You don't give an example of frag_str
. But the name and the use of split
suggests it is a string. I don't think anything else has a split
method.
In [74]: alist = 'one two three four five six seven eight'.split()
That's a list of strings. Using your indexing I can construct 2 lists:
In [76]: [alist[i*4] for i in range(2)]
Out[76]: ['one', 'five']
In [77]: [alist[i*4+1:(i+1)*4] for i in range(2)]
Out[77]: [['two', 'three', 'four'], ['six', 'seven', 'eight']]
And I can make arrays from each of those lists:
In [78]: np.array(Out[76])
Out[78]: array(['one', 'five'], dtype='<U4')
In [79]: np.array(Out[77])
Out[79]:
array([['two', 'three', 'four'],
['six', 'seven', 'eight']], dtype='<U5')
In the first case the array is 1d, in the second, 2d.
It the string contains digits, we can make an integer array by specifying dtype
.
In [80]: alist = '1 2 3 4 5 6 7 8'.split()

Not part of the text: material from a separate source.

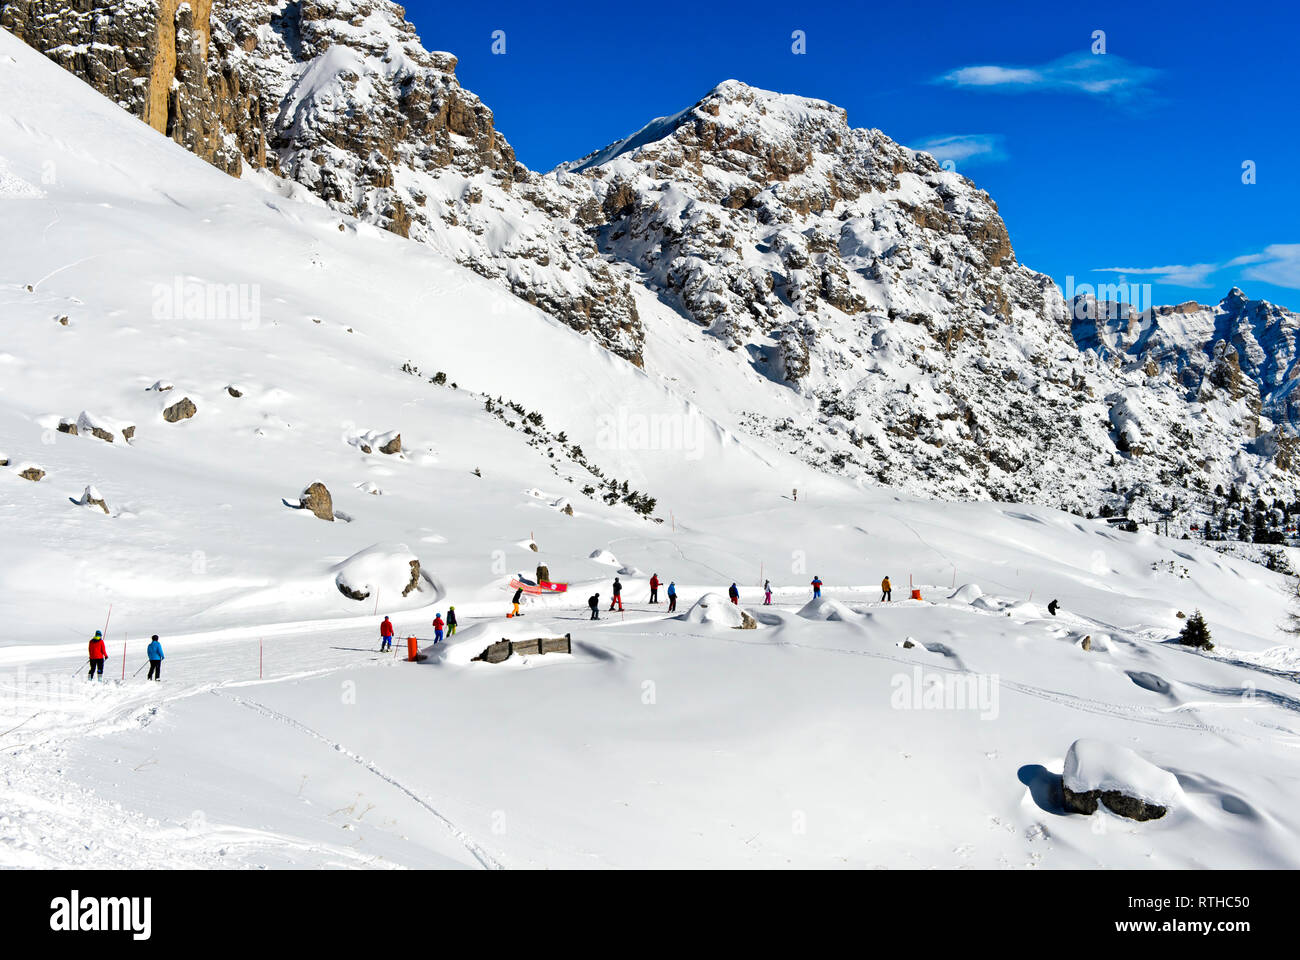 Skiers in the skiing area Colfosco, Alta Badia, Corvara, South Tyrol, Italy Stock Photo
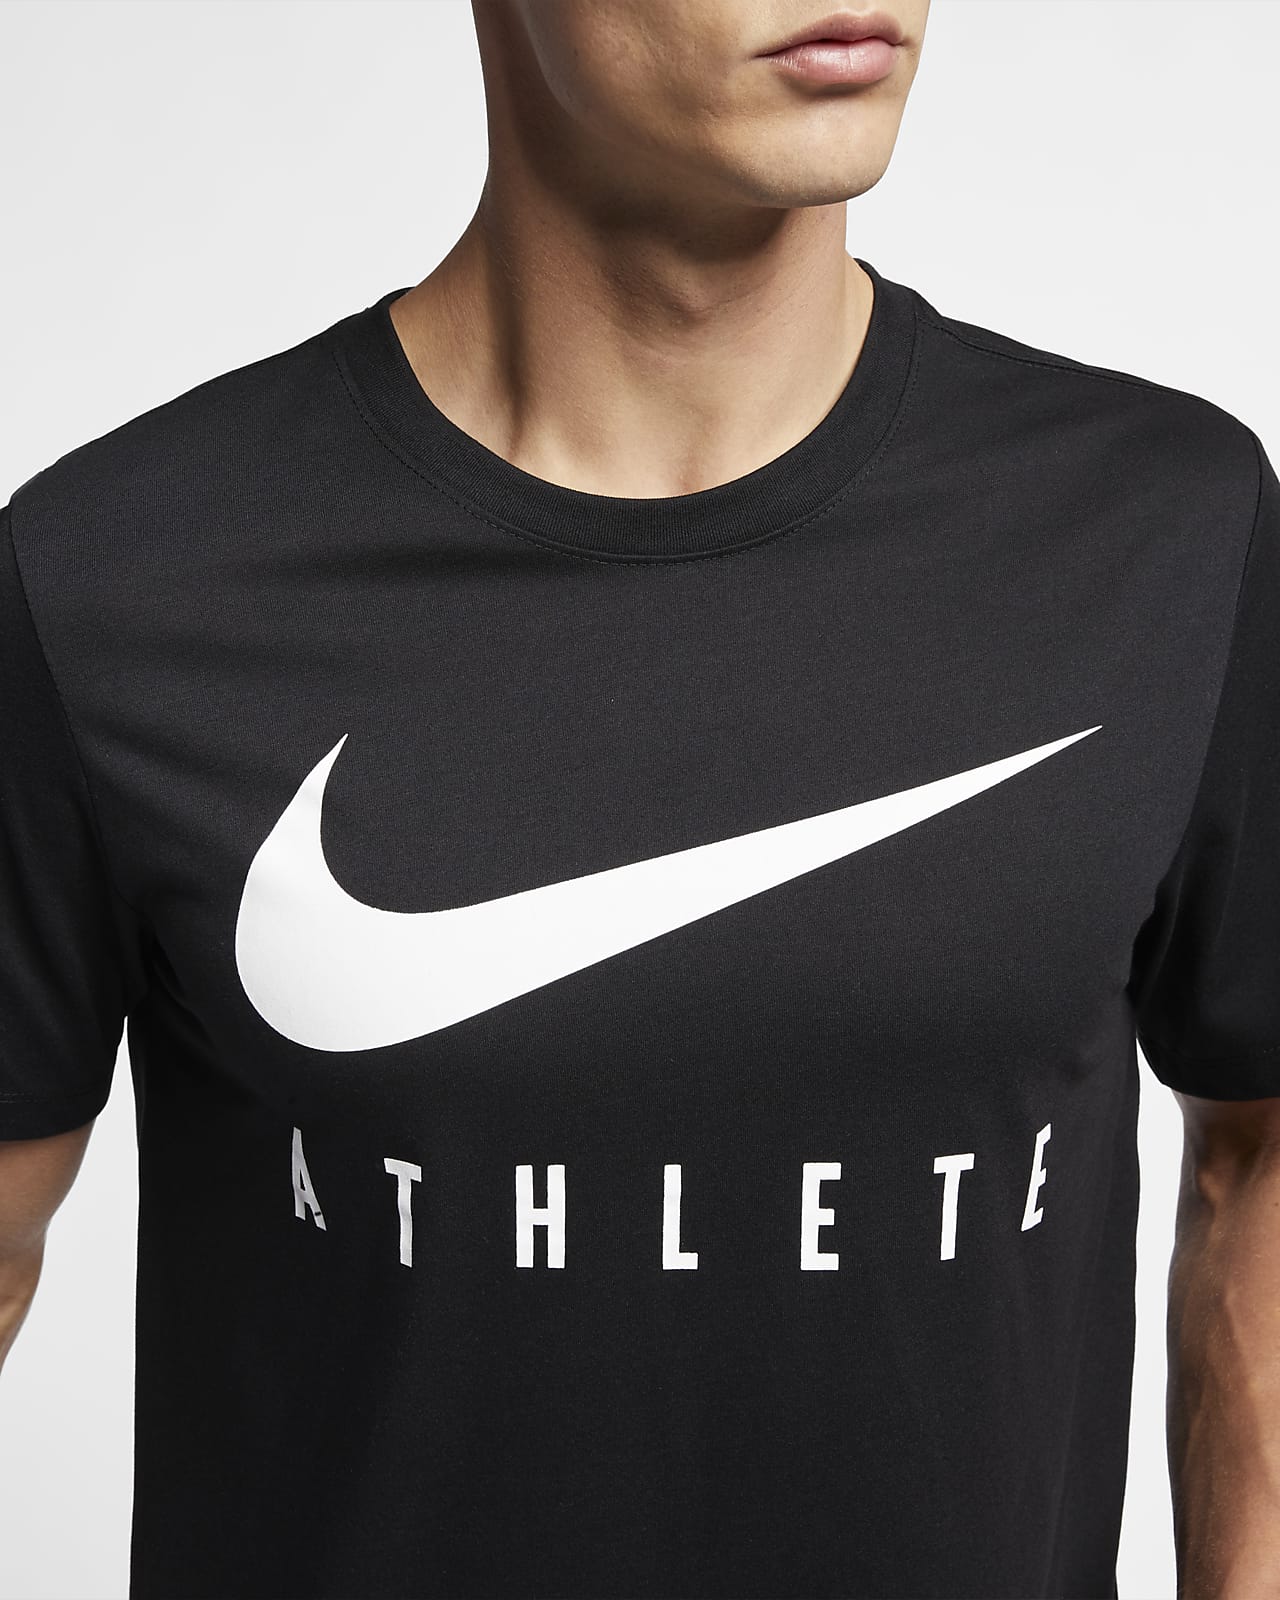 Футболки найк мужские купить. Майка Nike athlete мужская. Nike Dri Fit. Nike Dri-Fit athlete футболка. Футболка Nike Air Dri Fit.

In [81]: np.array([alist[i*4] for i in range(2)])
Out[81]: array(['1', '5'], dtype='<U1')
In [82]: np.array([alist[i*4] for i in range(2)], dtype=int)
Out[82]: array([1, 5])
Upvotes: 3
Reputation: 14584
As stated above, numpy.append
does not append items in place, but the reason why is important. You must store the returned array from numpy.append
to the original variable, or else your code will not work. That being said, you should likely rethink your logic.
Numpy uses C-style arrays internally, which are arrays in contiguous memory without leading or trailing unused elements. In order to append an item to an array, Numpy must allocate a buffer of the array size + 1, copy all the data over, and add the appended element.
In pseudo-C code, this comes to the following:
int* numpy_append(int* arr, size_t size, int element)
{
int* new_arr = malloc(sizeof(int) * (size+1);
mempcy(new_arr, arr, sizeof(int) * size);
new_arr[size] = element;
return new_arr;
}
This is extremely inefficient, since a new array must be allocated each time (memory allocation is slow), all the elements must be copied over, and the new element added to the end of the new array.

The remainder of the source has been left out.